What the task asks: Only the lines from the one with "The first day" to the end of the data below should be returned, each exactly as it stands.

Records contained in a dataset:
= Beginning of Section =

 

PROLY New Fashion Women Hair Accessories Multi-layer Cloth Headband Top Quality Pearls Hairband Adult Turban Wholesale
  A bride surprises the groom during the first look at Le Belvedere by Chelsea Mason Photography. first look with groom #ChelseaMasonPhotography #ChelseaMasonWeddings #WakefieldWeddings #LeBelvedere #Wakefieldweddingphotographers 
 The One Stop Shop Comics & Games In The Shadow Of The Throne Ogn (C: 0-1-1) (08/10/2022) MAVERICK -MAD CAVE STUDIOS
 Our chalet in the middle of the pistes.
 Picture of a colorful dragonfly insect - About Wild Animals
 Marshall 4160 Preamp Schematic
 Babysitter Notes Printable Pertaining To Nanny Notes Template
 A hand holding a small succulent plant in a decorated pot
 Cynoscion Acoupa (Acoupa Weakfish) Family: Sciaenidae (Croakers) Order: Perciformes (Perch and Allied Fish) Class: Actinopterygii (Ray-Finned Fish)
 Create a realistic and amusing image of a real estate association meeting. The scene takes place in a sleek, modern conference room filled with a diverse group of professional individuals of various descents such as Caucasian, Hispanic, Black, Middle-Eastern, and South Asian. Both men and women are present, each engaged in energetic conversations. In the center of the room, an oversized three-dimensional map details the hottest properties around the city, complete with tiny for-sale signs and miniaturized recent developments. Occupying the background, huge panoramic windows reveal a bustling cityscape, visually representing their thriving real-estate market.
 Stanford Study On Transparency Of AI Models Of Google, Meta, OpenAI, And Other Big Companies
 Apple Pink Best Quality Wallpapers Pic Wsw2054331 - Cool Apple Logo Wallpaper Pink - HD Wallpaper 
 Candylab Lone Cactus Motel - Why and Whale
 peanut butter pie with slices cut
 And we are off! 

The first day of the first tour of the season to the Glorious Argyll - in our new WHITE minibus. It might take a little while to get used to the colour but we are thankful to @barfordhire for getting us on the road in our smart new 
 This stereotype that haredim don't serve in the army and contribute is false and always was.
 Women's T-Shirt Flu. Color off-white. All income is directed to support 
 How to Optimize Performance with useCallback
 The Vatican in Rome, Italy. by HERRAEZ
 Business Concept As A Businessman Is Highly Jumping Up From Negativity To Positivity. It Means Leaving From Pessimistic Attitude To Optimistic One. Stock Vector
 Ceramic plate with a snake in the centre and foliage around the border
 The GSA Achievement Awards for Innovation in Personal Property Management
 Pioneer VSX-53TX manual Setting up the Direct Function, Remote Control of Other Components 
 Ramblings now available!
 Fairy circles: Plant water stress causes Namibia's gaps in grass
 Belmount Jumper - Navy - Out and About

= End of Section =

Output of the task:
The first day of the first tour of the season to the Glorious Argyll - in our new WHITE minibus. It might take a little while to get used to the colour but we are thankful to @barfordhire for getting us on the road in our smart new 
 This stereotype that haredim don't serve in the army and contribute is false and always was.
 Women's T-Shirt Flu. Color off-white. All income is directed to support 
 How to Optimize Performance with useCallback
 The Vatican in Rome, Italy. by HERRAEZ
 Business Concept As A Businessman Is Highly Jumping Up From Negativity To Positivity. It Means Leaving From Pessimistic Attitude To Optimistic One. Stock Vector
 Ceramic plate with a snake in the centre and foliage around the border
 The GSA Achievement Awards for Innovation in Personal Property Management
 Pioneer VSX-53TX manual Setting up the Direct Function, Remote Control of Other Components 
 Ramblings now available!
 Fairy circles: Plant water stress causes Namibia's gaps in grass
 Belmount Jumper - Navy - Out and About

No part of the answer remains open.